12.1 Bioinformatic analysis
The bioinformatic analysis of wastewater sequencing data broadly involves the following steps:
- Filter the raw sequencing data to remove low-quality reads and trim Illumina adaptors.
- Map the reads to the Wuhan-Hu-1 reference genome.
- Trim the primers from the aligned reads based on the primer location BED file.
- Identify changes relative to the reference sequence.
- Estimate the abundance of known SARS-CoV-2 lineages.
Most of these steps are in common with the processing of clinical samples. The main difference is the last step, where we use a specialised software to estimate the abundance of viral lineages based on the mutations found. There are different software packages designed to estimate lineage abundance from sequencing data and new ones are likely to be developed as the field evolves. See Kayikcioglu et al. 2023 and Sutcliffe et al. 2023 for an overview of the software packages available and their performance on synthetic data.

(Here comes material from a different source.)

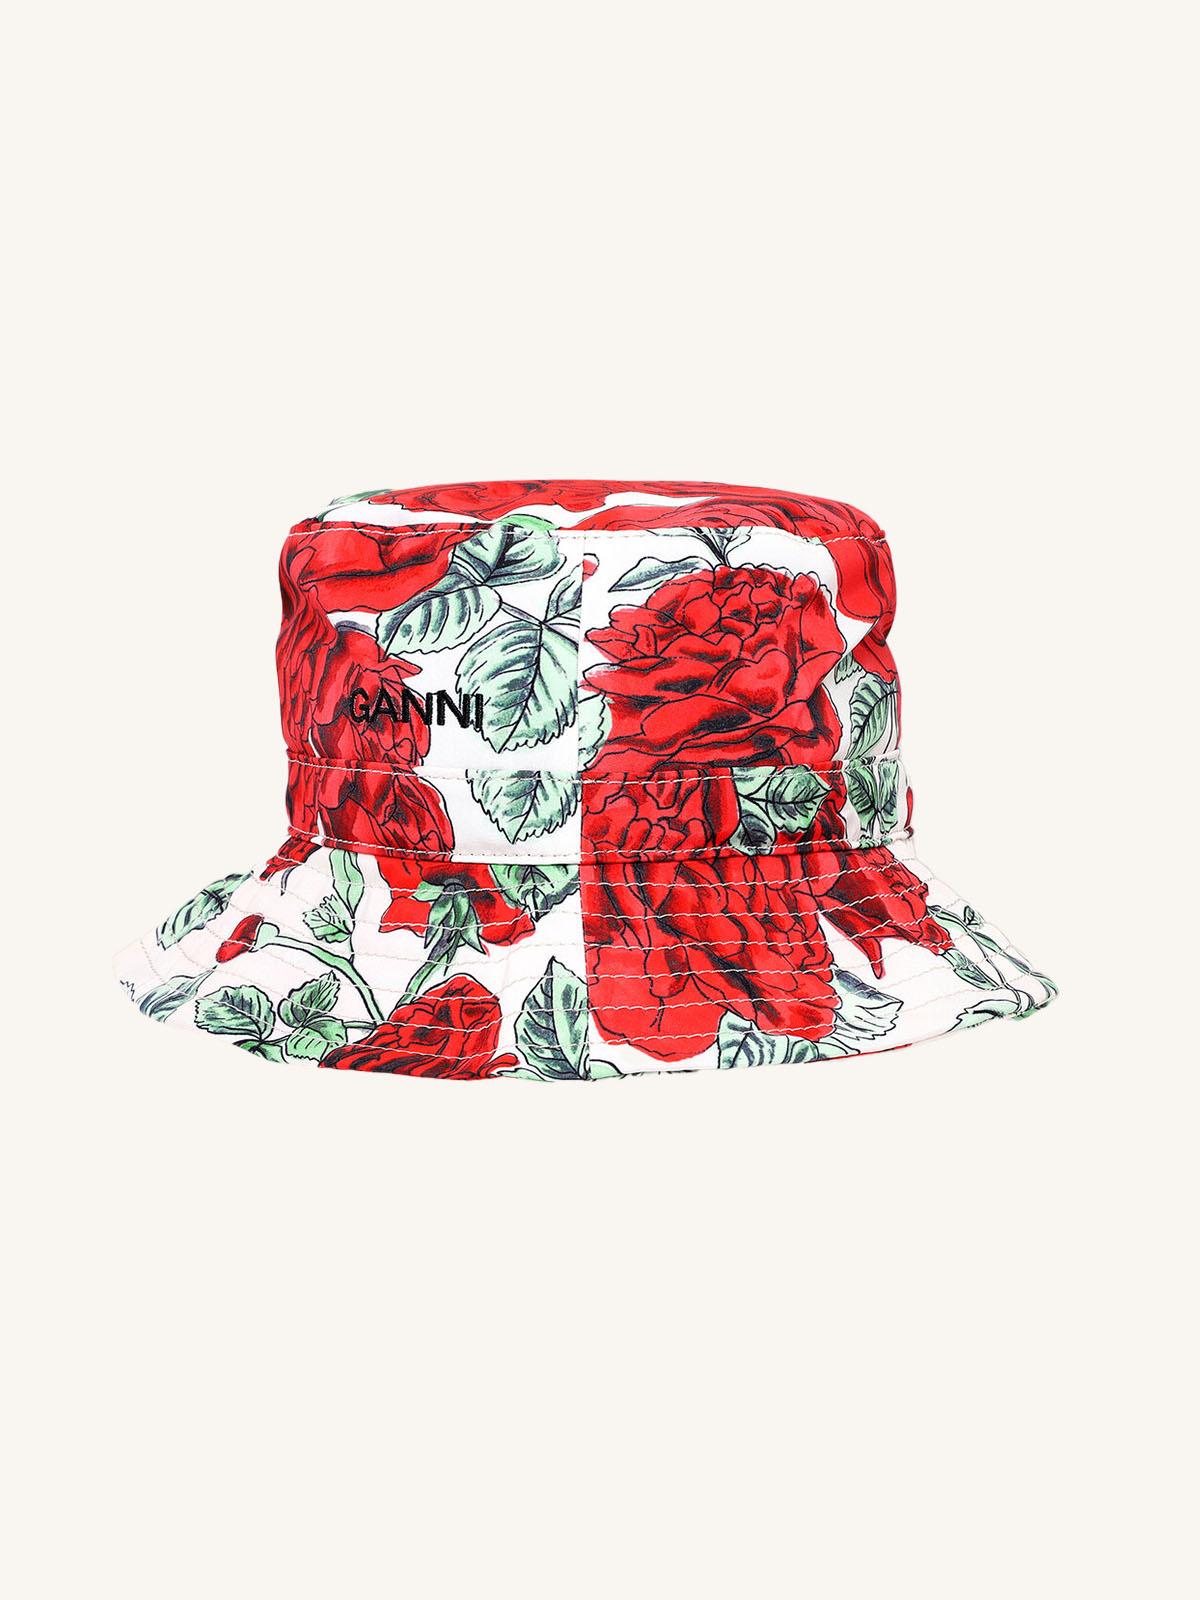 Ganni - Seasonal Recycled Tech hat

The software that we will use, implemented in the nf-core/viralrecon
pipeline is called Freyja. This tool takes advantage of the large number of known lineages of SARS-CoV-2, which it pulls from the UShER global phylogeny. This global phylogeny is updated daily, and so is the Freyja database. Freyja combines the known mutations for each lineage with the frequency of observed mutations estimated from our sequencing data to estimate the frequency of those lineages.
12.3 Output Files
After running the pipeline, we get several output files (see viralrecon
’s documentation). These are very similar to what has been described for clinical isolates. As a reminder, here are some files of interest:
multiqc/multiqc_report.html
: a MultiQC quality report, including information about average depth of coverage, fraction of the genome covered, number of mutations identified, etc.variants/bowtie2/
: directory with individual BAM files, which can be visualised with IGV if we want to look at the reads mapped to the reference genome.variants/ivar/variants_long_table.csv
: a CSV file with the aggregated results of all the mutations detected in each sample.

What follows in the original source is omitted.